What this task involves:
Everything in the listing should be set down exactly, apart from the pictures.

Recorded information:

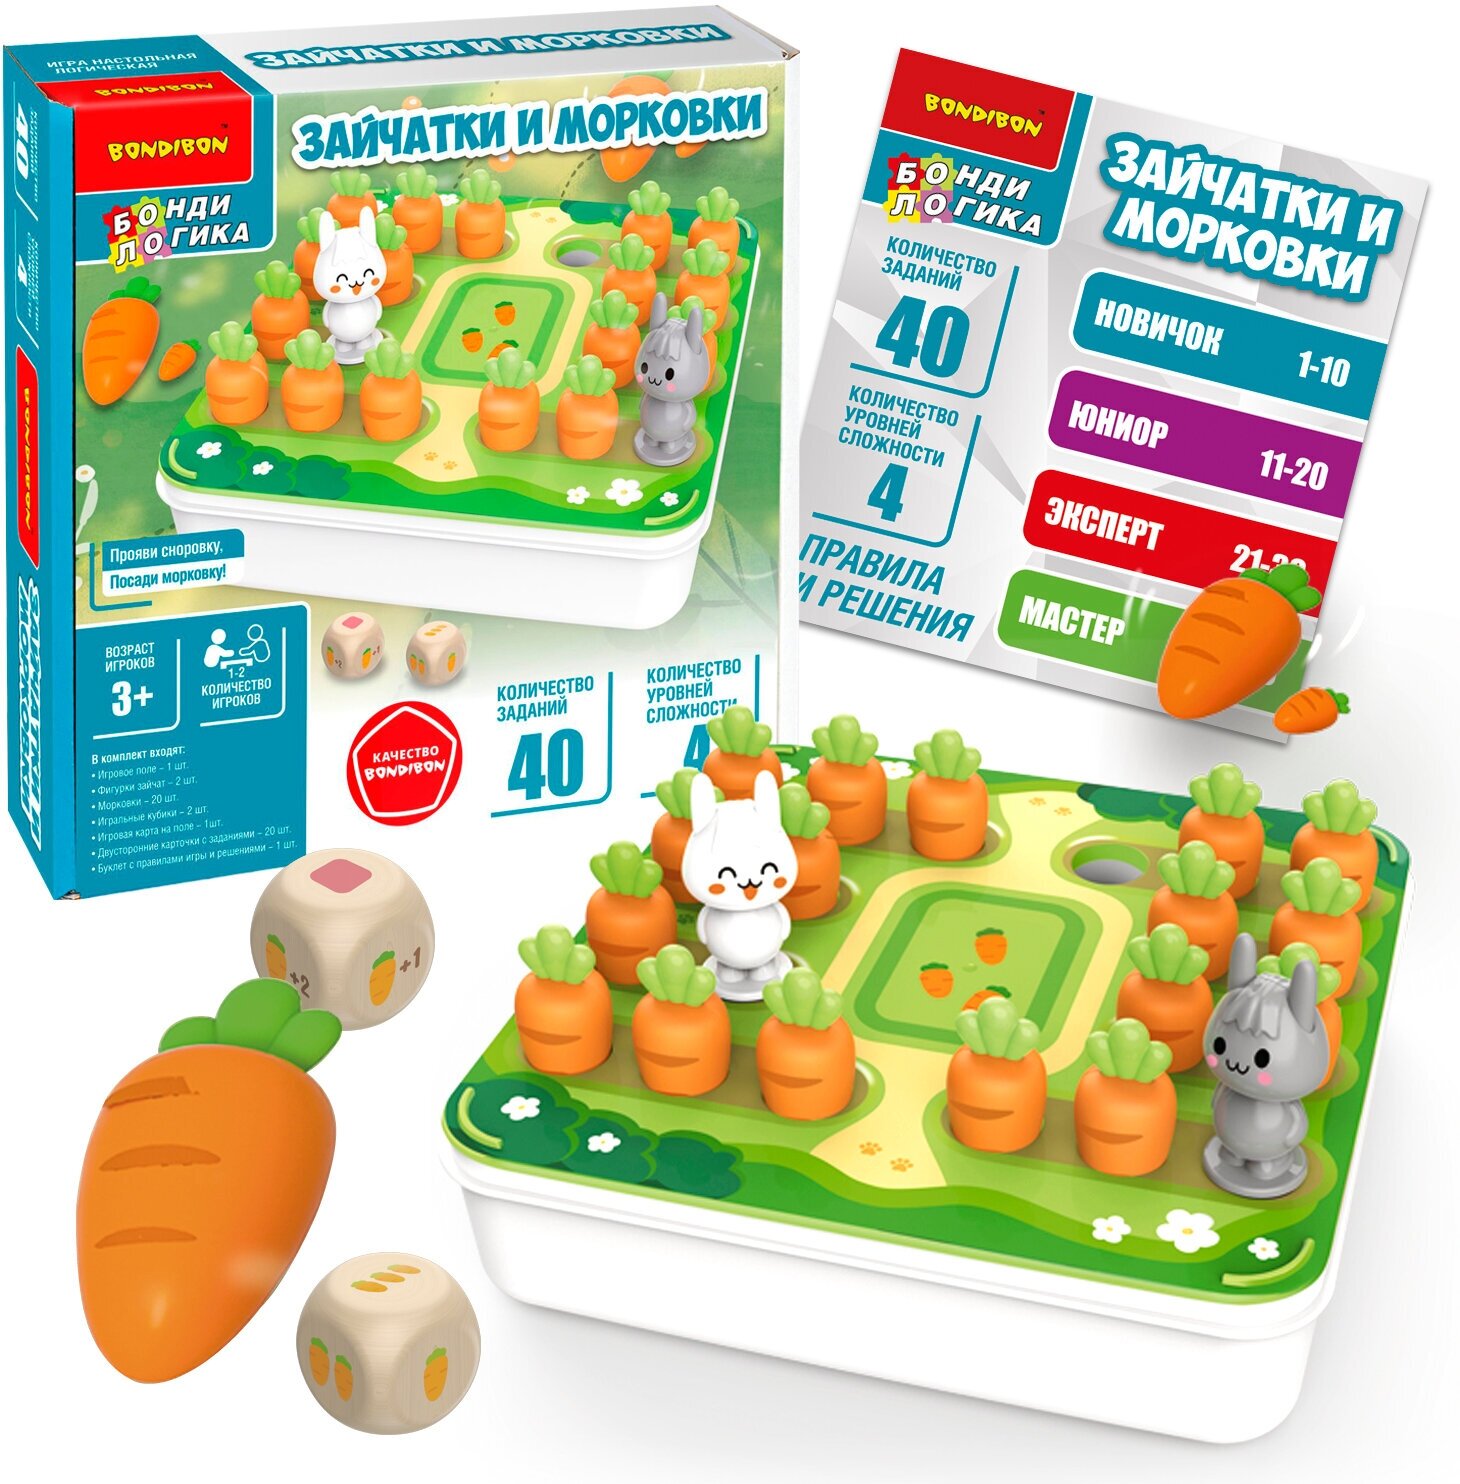 Обучающая логическая игра зайчатки И морковки БондиЛогика Bondibon развивающая игрушка для детей, учимся считать
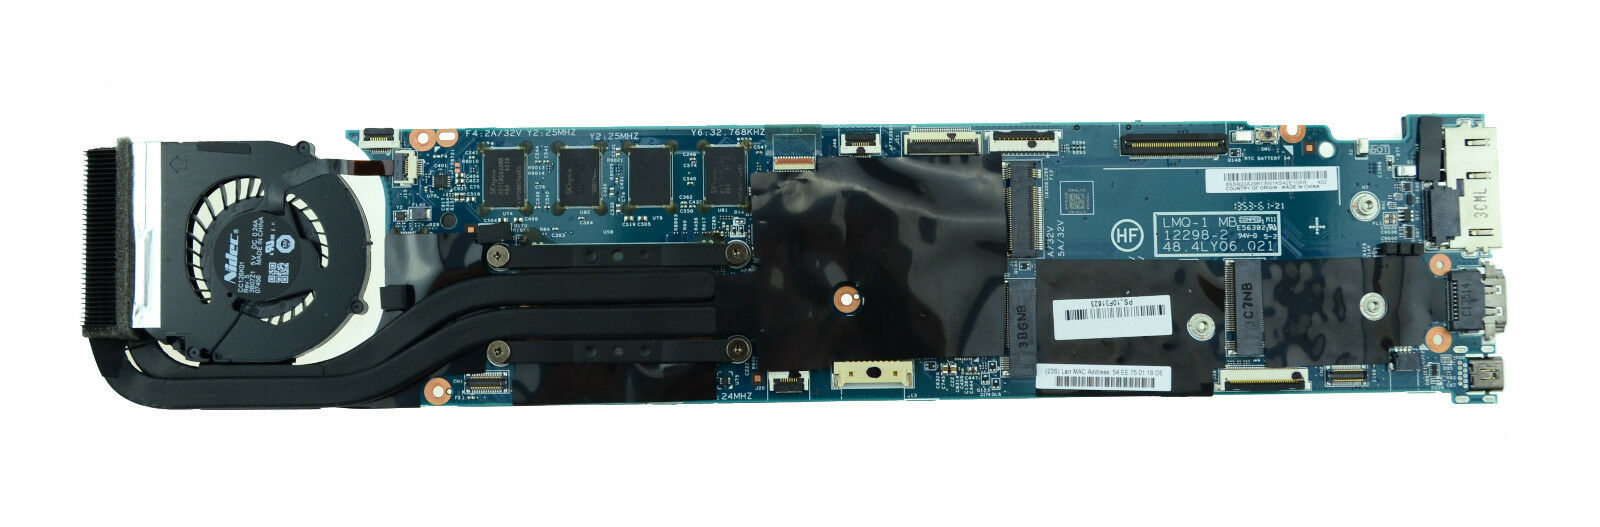 Lenovo ThinkPad X1 Carbon 2 Gen Mainboard LMQ-1 MB Intel i7-4550U 8GB 00HN771 (REFURBISHED)
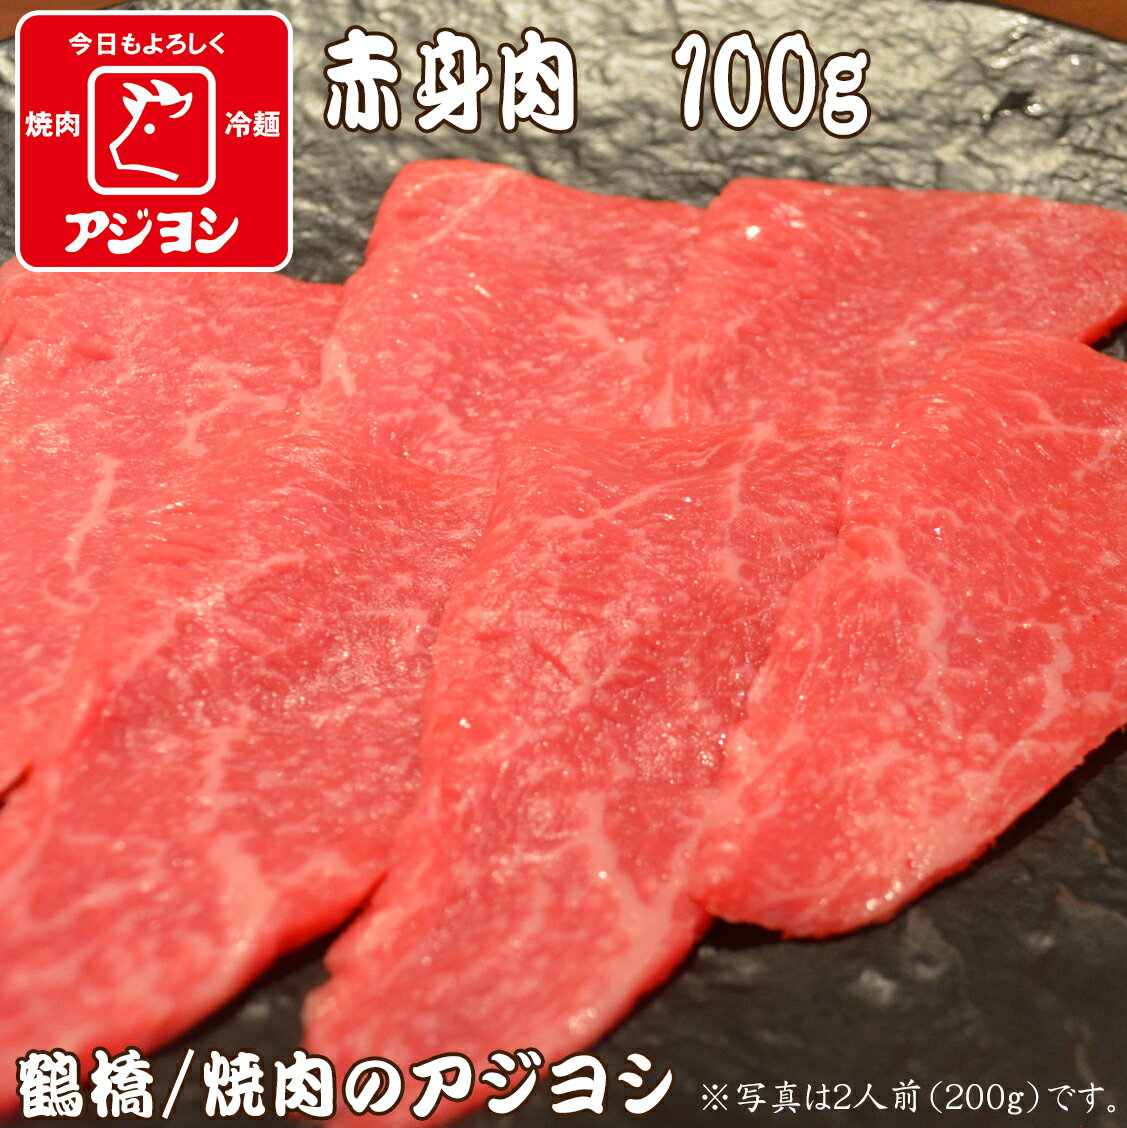 【鶴橋・焼肉のアジヨシ】牛肉 国産 赤身肉100g

Exercise output:
 Обучающая логическая игра зайчатки И морковки БондиЛогика Bondibon развивающая игрушка для детей, учимся считать
 Lenovo ThinkPad X1 Carbon 2 Gen Mainboard LMQ-1 MB Intel i7-4550U 8GB 00HN771 (REFURBISHED)
 【鶴橋・焼肉のアジヨシ】牛肉 国産 赤身肉100g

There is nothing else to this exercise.